Use of Docker is growing quickly right now and was not surprisingly a hot topic at the workshop. One participant described how they deploy their micro-services in Docker containers with the obvious advantage of being portable and lightweight (compared to baking AMI’s). This is however done with stand-alone EC2-instances using a shared common base AMI and not on ECS, an approach that adds redundant infrastructure layers to the stack. They have just started exploring ECS and it looks promising but questions around how to manage centralized logging, monitoring, disk encryption etc are still not clear. Docker is a very compelling deployment alternative but both Docker itself and the surrounding infrastructure need to mature a bit more, e.g. docker push takes an unreasonable long time and easily becomes a bottleneck in your delivery pipelines. Another pain is the need for a private Docker registry that on this level of continuous delivery needs to be highly available and secure.

What’s missing?

The discussions also identified some feature requests for Amazon to bring home. E.g. we discussed security quite a lot and got into the technicalities of AIM-roles, accounts, security groups etc. It was expressed that there might be a need for explicit compliance checks and controls as a complement to the more crude ways with e.g. PEN-testing. You can certainly do this by extracting information from the API’s and process it according to your specific compliance rules, but it would be nice if there was a higher level of support for this from AWS.

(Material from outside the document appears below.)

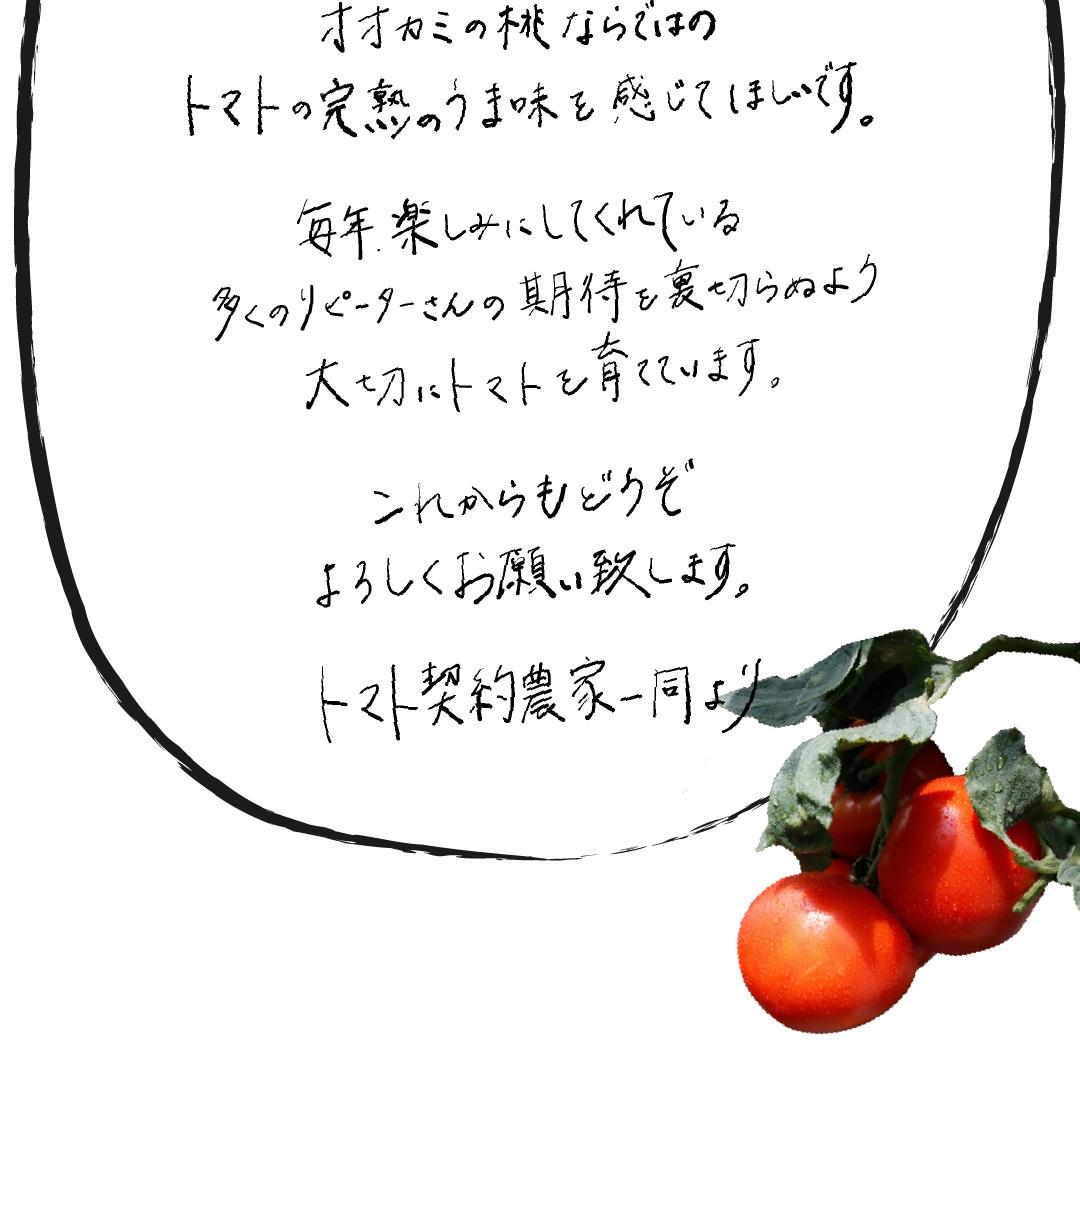 オオカミの桃

We also discussed canarie releasing and A/B testing. Since this is becoming more of a common practice it would be nice if Amazon could provide more services to support this, e.g. content based routing and more sophisticated analytic tools.

Next step

All-in-all I think the workshop was very successful and the discussions and experience sharing was valuable to all participants. Diabol will continue to push Continuous Delivery maturity in the industry by arranging meetups and workshops and involve more companies that can contribute and benefit from this collaboration.